Das landesweite Projekt richtet sich an alle Eltern von Kindern bis 14 Jahren, in Lüneburg insbesondere an solche mit Migrationshintergrund. Eltern-Talk möchte Mütter und Väter erreichen, die die Sprachbarriere noch am ungezwungenen Austausch mit anderen Eltern, Lehrern oder Erziehern hindert. Das Ziel: Erziehungskompetenzen zu stärken.

Das Projekt gibt es seit 2014, in den ersten drei Jahren hat das Land Niedersachsen es finanziert, seit 2017 läuft es ausschließlich über Spenden. „Seit wir hier gestartet sind, haben wir bislang mehr als 850 Eltern erreicht“, sagt Ria Salig vom Jugendmigrationsdienst der Arbeiterwohlfahrt Lüneburg.

Für ihre Arbeit benötigt die AWO Lüneburg pro Jahr 7000 Euro, gerade ist man dabei, das Geld für 2019 zusammenzubekommen.

Das Konzept ist einfach: Eine Mutter mit Migrationshintergrund lädt zu sich nach Hause ein, gemeinsam mit einer Moderatorin, die selbst Mutter ist und ihre Sprache spricht, sprechen sie dann im kleinen Kreis etwa zwei Stunden über die Themen, die den jeweiligen Eltern gerade unter den Nägeln brennen, zum Beispiel die Einschulung, Ernährung oder Altersbeschränkungen für Spielzeuge.
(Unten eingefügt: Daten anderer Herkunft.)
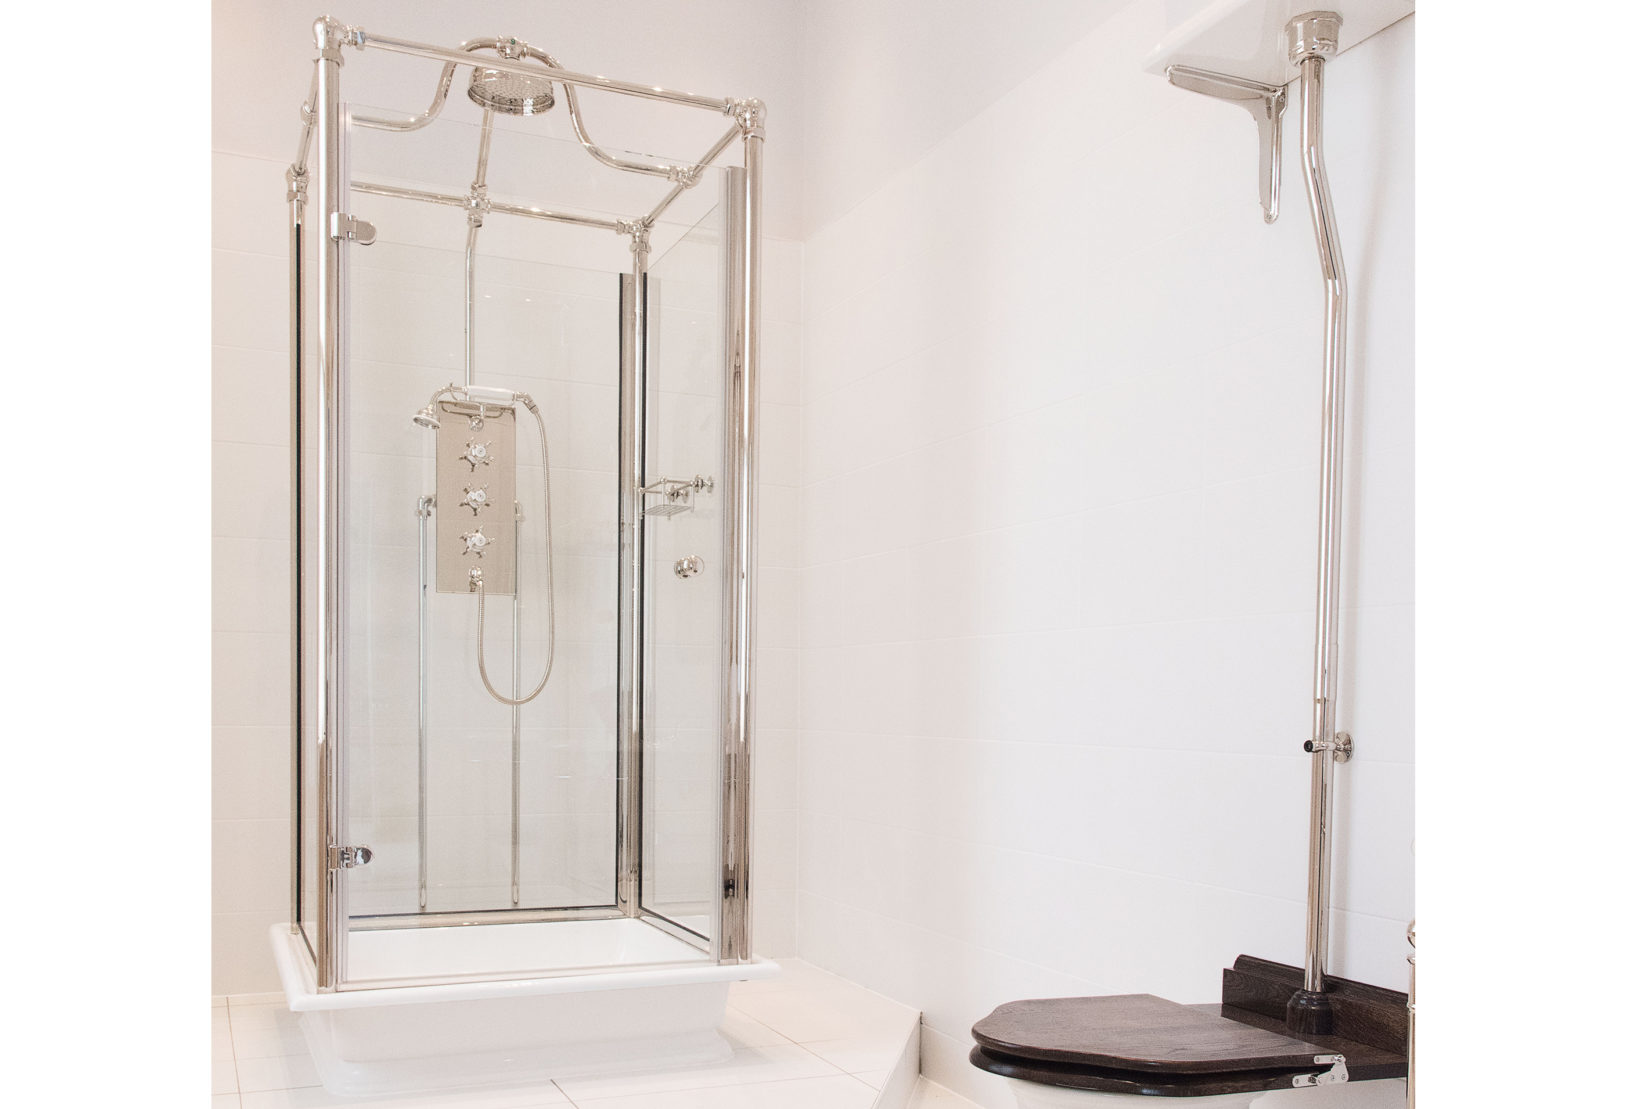 The Grand Floor Standing Shower Pipe - Drummonds Bathrooms

In Lüneburg gibt es neun Moderatorinnen mit verschiedenen Muttersprachen, die regelmäßig in dialogischer Gesprächsführung geschult werden. Einige von ihnen waren zuvor teilnehmende Mütter. Das Land Niedersachsen stellt außerdem Materialien für die Vor- und Nachbereitung.

Interessierte Eltern kommen auf die AWO zu, meist haben sie durch andere Teilnehmer von dem Projekt erfahren. Was allen besonders am Herzen liegt: Die Gespräche finden auf Augenhöhe statt und sind als Austausch gedacht, das sei auch das Erfolgsgeheimnis. „Niemand von uns möchte als Lehrerin betrachtet werden“, betont Moderatorin Eman El Mabayed. „Ich bin Mutter und ich bin Migrantin. Ich bin einfach schon länger in Deutschland, so dass die Mütter – oder Väter – von meinen bisherigen Erfahrungen profitieren können.“

Verunsichert vom Laternenumzug

Manches traue man sich einfach nicht zu fragen, wenn offensichtlich jeder Bescheid wisse. Da sei die Hemmschwelle bei Landsleuten geringer. Als klassisches Beispiel für ein immer wiederkehrendes Thema nennt Salig den Laternenumzug: „Das ist bei uns seit Generationen ein Selbstläufer, aber in anderen Kulturkreisen hat man davon noch nie etwas gehört!“

Lucy Grimme ist Regionalbeauftragte in Lüneburg. Sie betont: „ Die Eltern, die bei uns teilnehmen, haben keine Defizite, sondern sind nur verunsichert. Wir können hier viel Hilfestellung geben.“ Sie spricht von einer klassischen Win-Win-Situation, denn:

„Auch die Moderatorinnen profitieren sehr von ihrem Einsatz, dadurch wird ihr Selbstbewusstsein enorm gestärkt. Eltern-Talk ist auf einem ganz niedrigen Level wahnsinnig effektiv.“

von Lea Schulze

One comment

  1. eine sehr gute sache. sie sollte auch andere inspirieren. nicht übereinander reden, sondern miteinander reden sorgt für ein gesellschaftliches zusammenleben.